= National Plan for Hispanic Ministry =

The National Plan for Hispanic Ministry

The 1988 General Conference of the United Methodist Church (UMC), the highest legislative body of the organization, authorized the development of a comprehensive national plan for Hispanic ministries, but first a committee to gather information about demographic changes and trends, and ministerial needs of 320 Hispanic congregations in the country was formed. The National Hispanic Ministries Committee, headed by Bishop Elias Gabriel Galvan of Phoenix, Arizona, drafted a recommendation that was presented at the 1992 General Conference of the United Methodist Church for approval. The church, upon seeing the significance of reaching out to the growing number of Hispanic/Latinos in the mainland U.S., approved the establishment of the National Plan for Hispanic/Latino Ministry.

==Early accomplishments==
There were 38 conferences in the US and Puerto Rico involved in some Hispanic/Latino ministry when the National Plan for Hispanic/Latino Ministry began in 1993. By 1999, 61 Annual Conferences (AC) joined in. To encourage the church and to push ahead with this growing ministry, it was reported in the 2000 General Conference through the General Board of Global Ministries that there were very significant Annual Conference involvements in new and strengthened Hispanic ministries across the board.

At the UMC's General Conference gathering in 2000, the church approved a total of $2.8 million intended to assist churches in the UMC to implement the program. By 2002 Annual Conferences reported 75 newly chartered churches and other ministries. Still, according to Rev. Saul Trinidad, the interim coordinator of the national plan for the quadrennial 2004–2008, the Hispanic population needs new models to develop ministries that address the socioeconomic, cultural and linguistic characteristics of the people.

==Recent developments==
In a workshop facilitated by the Rev. Francisco Cañas, the national coordinator for the National Plan for Hispanic/Latino Ministry in the California-Pacific Conference, he explained why reaching out to the Latino population is a priority. He lists these major points.

- The United States is the 3rd country having the largest Latino population after Brazil and México.
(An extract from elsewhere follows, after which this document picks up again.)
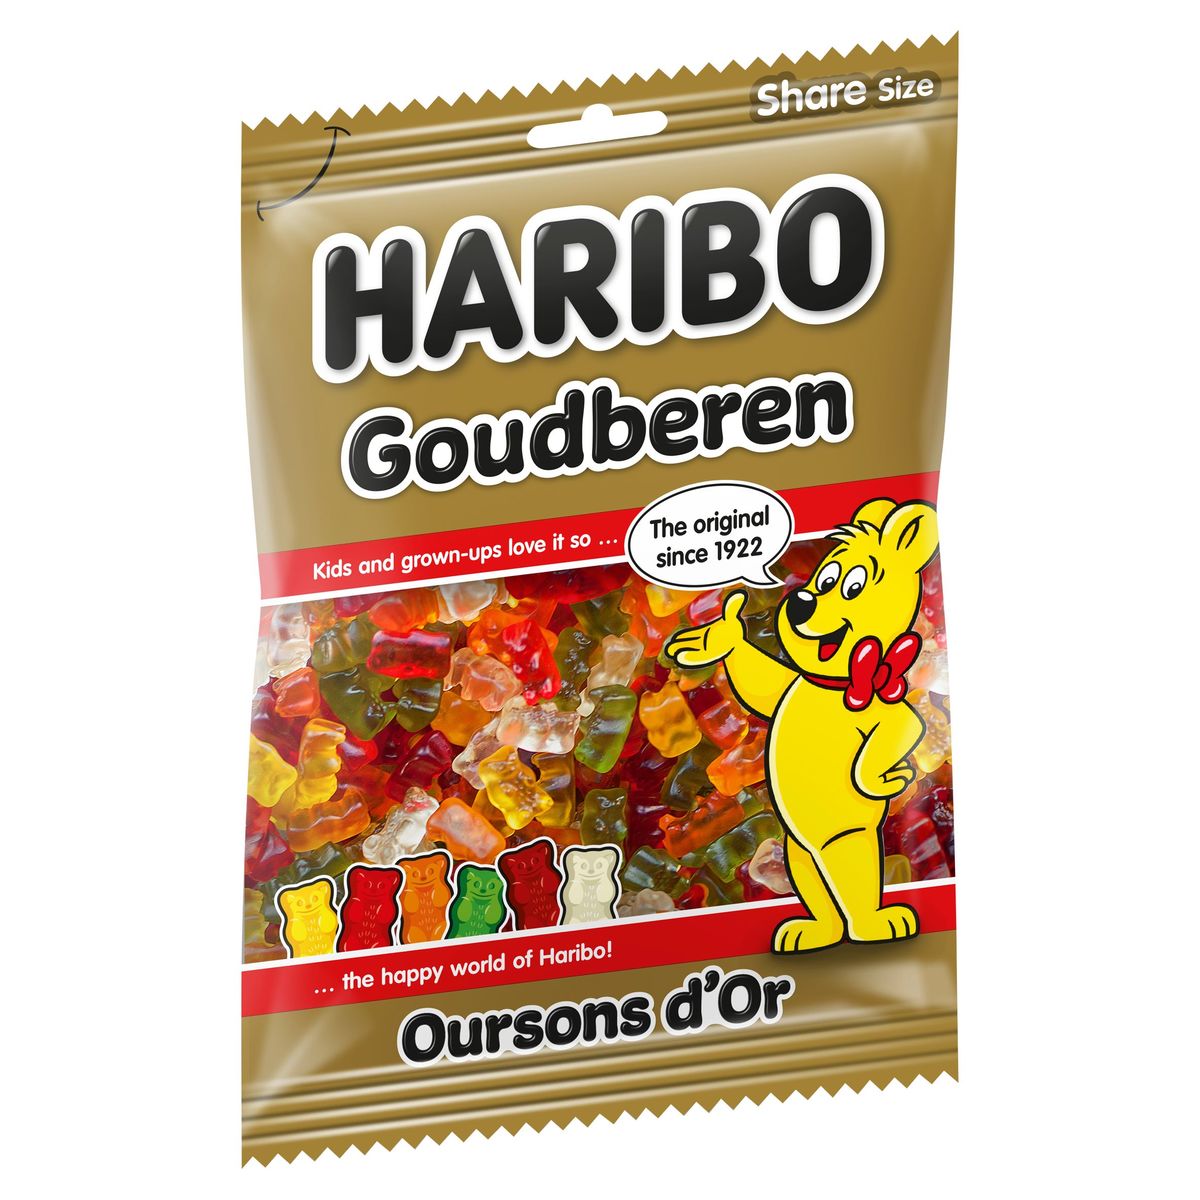 Haribo Oursons d'Or 250 g

In July 2007, there were 45.5 million documented Latinos in the US.
- 18 million reside in the Western Jurisdiction alone, the largest concentration of Latinos in any Jurisdiction.
- California has the biggest concentration having 13.2 million Latinos, a third of California's population.
- There are only 25 Hispanic elders and 13 local pastors in the entire California-Pacific Conference.

==What lies ahead==
In 2009, according to the U.S. Census Bureau there were more than 48 million Hispanics in the U.S. Another report foresees the Hispanic or Latino population rising from 16% today to 30% by 2050. There is no doubt ministry to Hispanic populations should be one of the greater priorities of any church in the U.S. if that church wants to become a vital part of society in the future. Yet churches are often unsure of how to deal with immigration and the problems of immigrant communities. For instance, almost a quarter of the Hispanic/Latino population which are illegal aliens and if churches truly want to serve and welcome “the strangers among their midst,” this is one issue which must be faced. Among U.S. Christians, there is much quandary as to how to do this. For instance, Evangelical Christians were asked, by Christianity Today, how illegal aliens should be dealt with. A whopping 82% know that the Bible verses on “welcoming the stranger” (Matthew 25:31-46) has much to do with how we should deal with immigrants. However, within that same group, were varying opinions regarding how to deal with illegal immigration. Fifty four (54%) percent said the government should adopt policies giving illegal immigrants a better “path to citizenship” while 31% say there should be blanket amnesty while 15% say the current laws have to be enforced. The issue of illegal immigrants and how U.S. Christians think of the issue reflects the general uncertainty around the more general issue of changing demographics and the role churches will play in the lives of these people.